# Continuity of the inverse of a linear operator

1. Jan 5, 2014

### AxiomOfChoice

If $g(a) \neq 0$ and both $f$ and $g$ are continuous at $a$, then we know the quotient function $f/g$ is continuous at $a$.

Now, suppose we have a linear operator $A(t)$ on a Hilbert space such that the function $\phi(t) = \| A(t) \|$, $\phi: \mathbb R \to [0,\infty)$, is continuous at $a$. Do we then know that the function $\varphi(t) = \|A(t)^{-1}\|$, $\varphi: \mathbb R \to [0,\infty)$ is continuous at $a$, provided the inverse exists there? Any ideas on how to tackle this question?

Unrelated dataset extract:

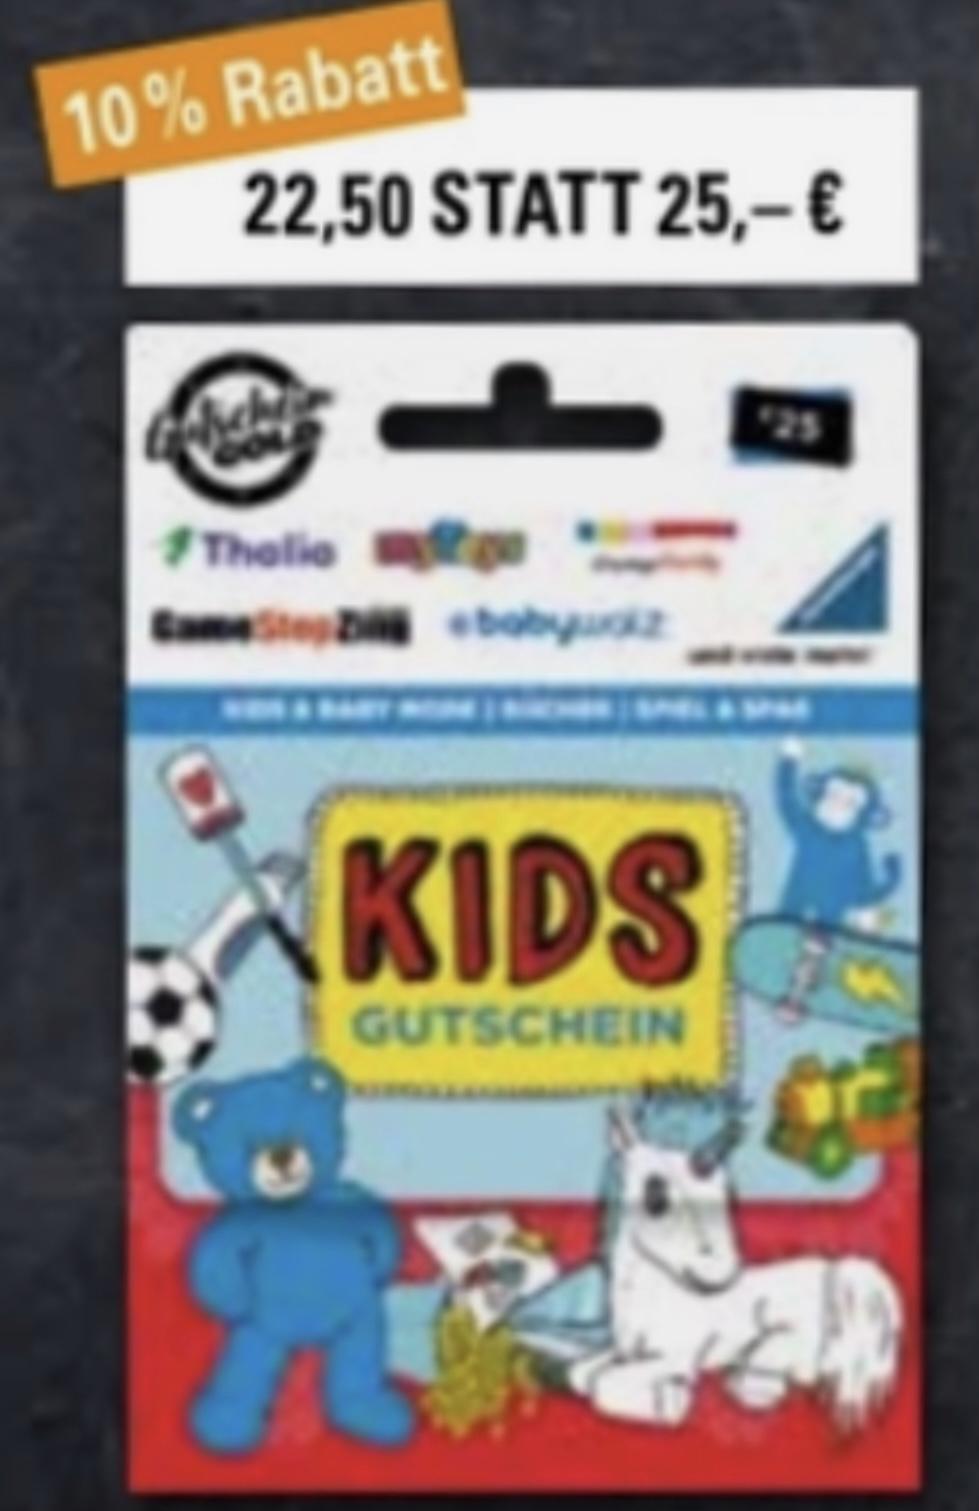 EDEKA/Marktkauf Nordbayern, Sachsen, Thüringen: 10% Rabatt auf Kids Universalgutscheine für z.B. mytoys, GameStop oder Xbox Guthaben nutzbar

I guess I should add that $A(t)$ is a family of bounded linear operators depending on a continuous real parameter $t$.

Last edited: Jan 5, 2014
2. Jan 9, 2014

### WannabeNewton

You're basically asking whether the function $A\rightarrow A^{-1}$ is continuous where it is defined in $\mathcal{B}(X,X)$ (the normed space of bounded operators on a Banach space). This is in fact true in any Banach algebra. For example, see http://www.iith.ac.in/~rameshg/banachalgebras.pdf Proposition 2.4 at page 10. Now, the function $t\rightarrow \|A(t)^{-1}\|$ is the composition of the continuous functions $t\rightarrow A(t)$, $A\rightarrow A^{-1}$ and $A\rightarrow \|A\|$, and is thus continuous.

3. Jan 12, 2014

### AxiomOfChoice

This was a very helpful response. Thanks very much!